0:18:34.2 PG: Then the fourth is rapid data ingest. When you think about the data sprawl that I showed earlier, the data needs to be able to move from the edge to the core or the edge to the cloud, or from the core to the cloud, and so on and so forth, so that rapid data ingest that can be facilitated by flash can be incredibly valuable for certain applications that have that kind of requirement. Also, if you can do faster, more frequent backups, you significantly reduce the risk that you have of data loss, and candidly, you're probably going to also improve the reliability of your backups when you're using flash systems.
0:19:14.3 PG: There are several deployment models that organizations use, and the No. 1 deployment model is the purpose-built backup appliance. There's also a general-purpose disk that people use in order to facilitate their backups as a backup target, but for both of these, the most common instantiation is as a flash tier, so there'll be say roughly 5% or so of the total capacity of the appliance is dedicated to flash in order to give the benefits of rapid backup ingest, rapid restore -- those kind of things that I've talked about in the prior slide. We are seeing a trend, though, towards all-flash arrays being used for backup and recovery.
0:19:58.2 PG: Now, you might say you really don't need that for all the backups, but I can tell you when you need to do fast restores, all-flash arrays can make a huge difference. The other area where they make a big difference is that backup systems are no longer being used just for recovery when bad things happen, but actually to leverage that data for secondary uses such as the DevOps or for analytics or for task dev and many other functions as well. And that's where an all-flash platform can really serve multiple purposes at the same time.

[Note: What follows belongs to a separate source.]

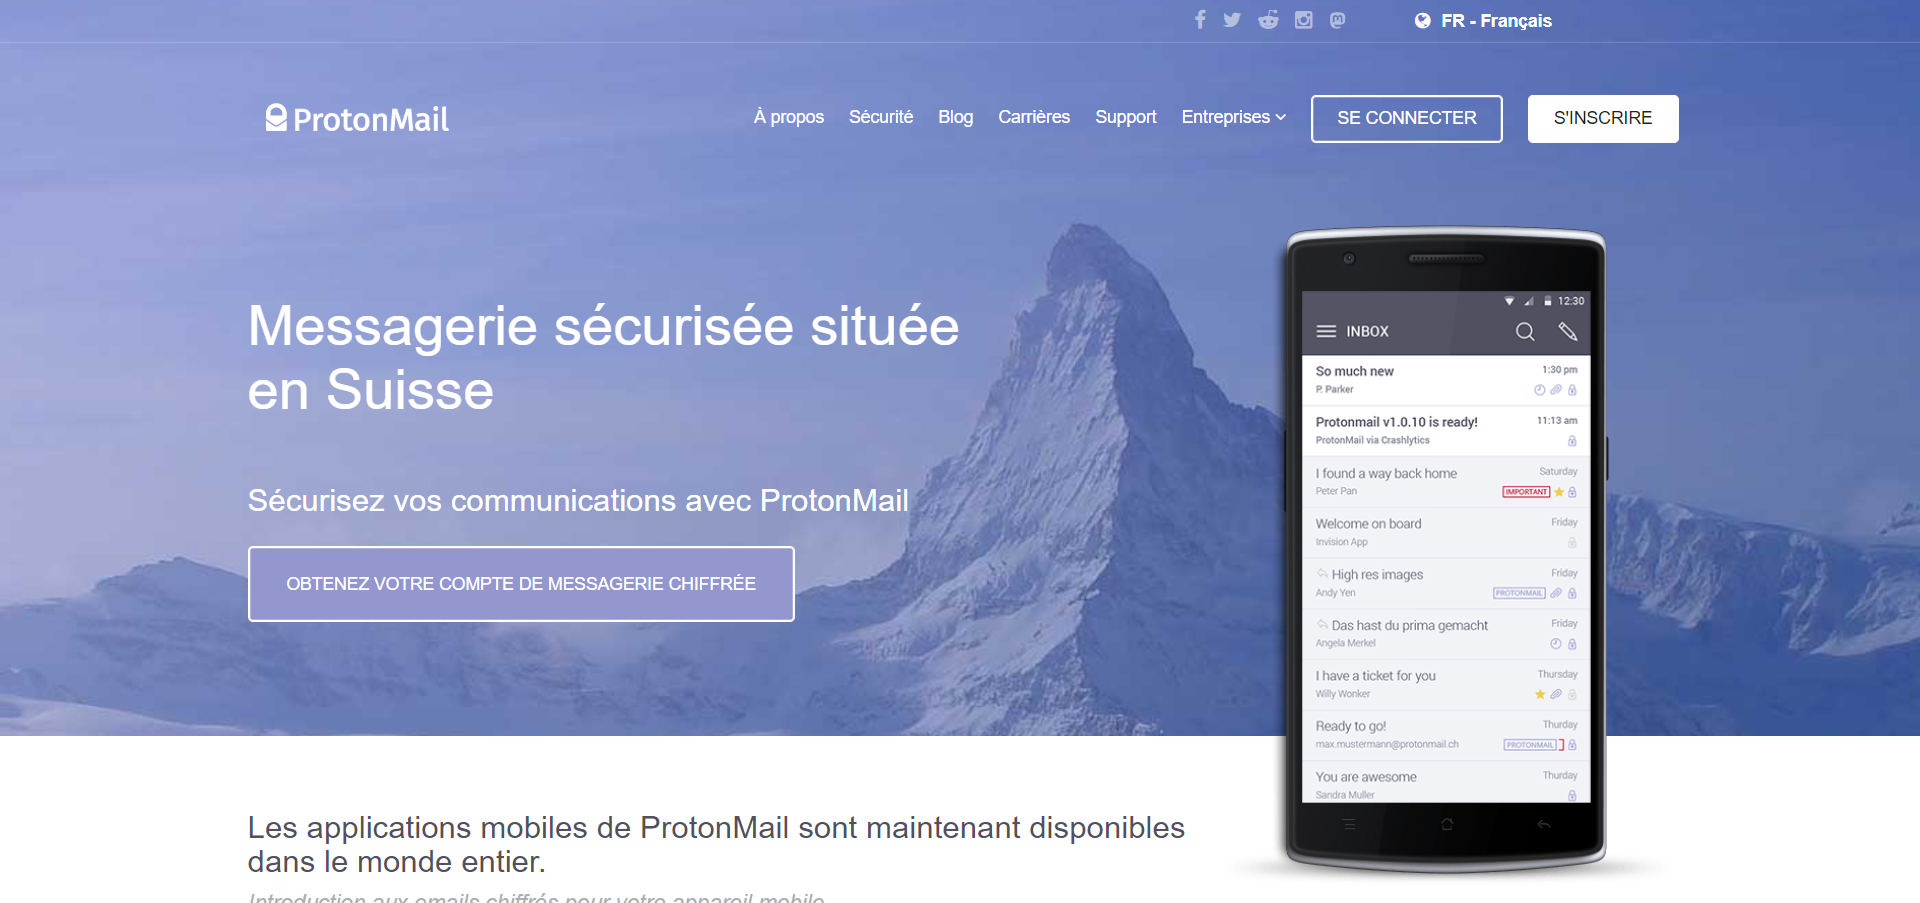 Meilleure Alternatives à Gmail : Protonmail, Messagerie sécurisée située  en Suisse
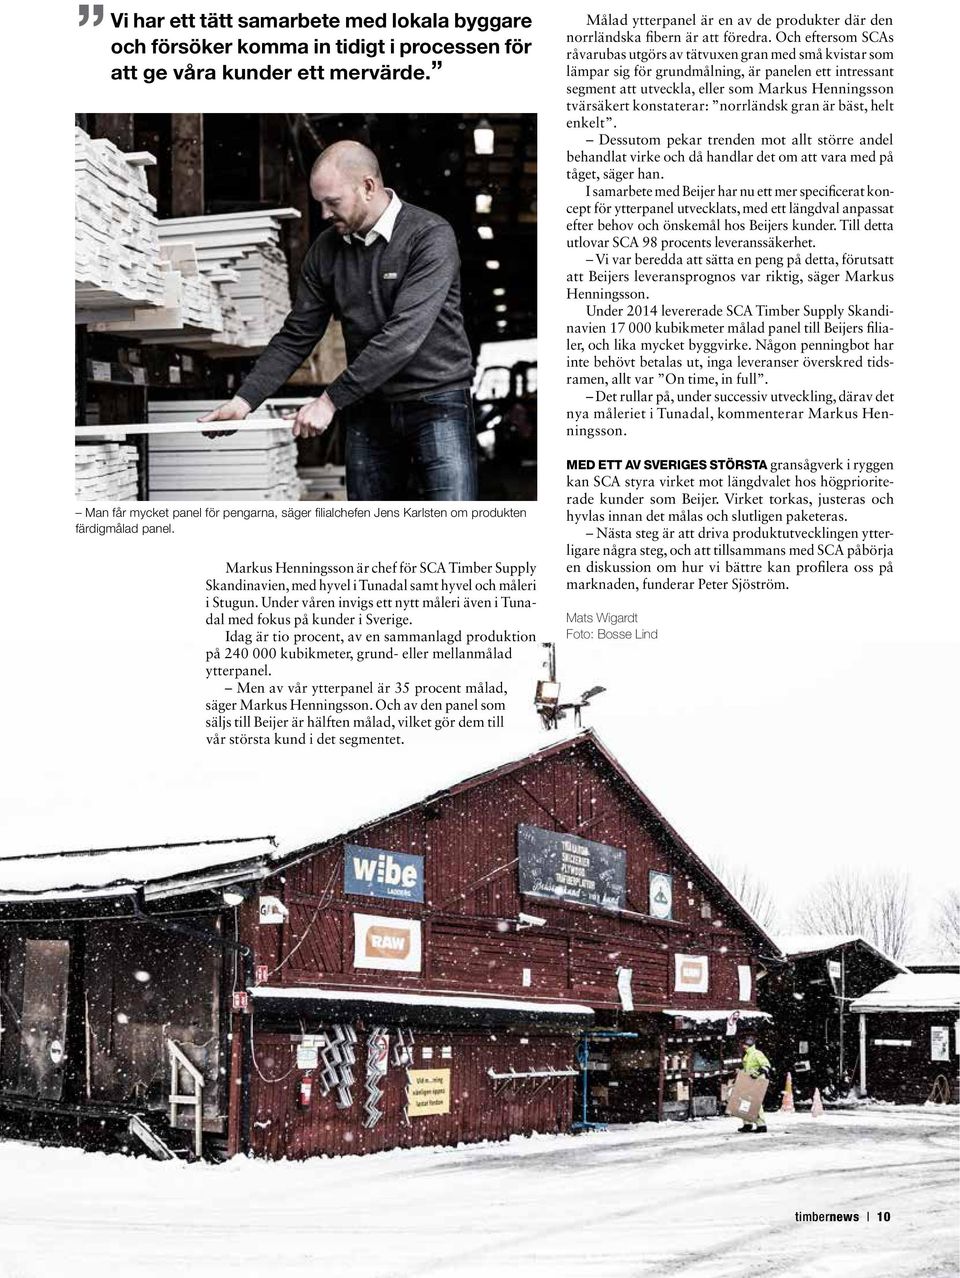 Markus Henningsson är chef för SCA Timber Supply Skandinavien, med hyvel i Tunadal samt hyvel och måleri i Stugun. Under våren invigs ett nytt måleri även i Tunadal med fokus på kunder i Sverige.

So, let me wrap up here with some key guidance, and I have three things for you. The first is the world is moving to flash, even for data protection. Right now, it's mostly as a tier, but I think more and more you're going to see the all-flash arrays being deployed. Second thing to remember is, when it comes to backup and recovery and data protection, it's all about the restore.
0:20:56.2 PG: Yeah, backup is important, but it's axiomatic to say that it's the restore that is critical and more and more users are needing and demanding instant restore for critical systems.
And then the third is that secondary use cases have become an important part of many organizations and their decisions in deploying backup and data protection systems.
0:21:27.6 PG: And with that, I hope that this information has been helpful, I think . . . I hope it's given you some food for though. I always love hearing feedback from people, and you can see my contact information here, so feel free to drop me a line. Let me know how you're doing or if you have any questions, I'd be happy to chat. Have a good day.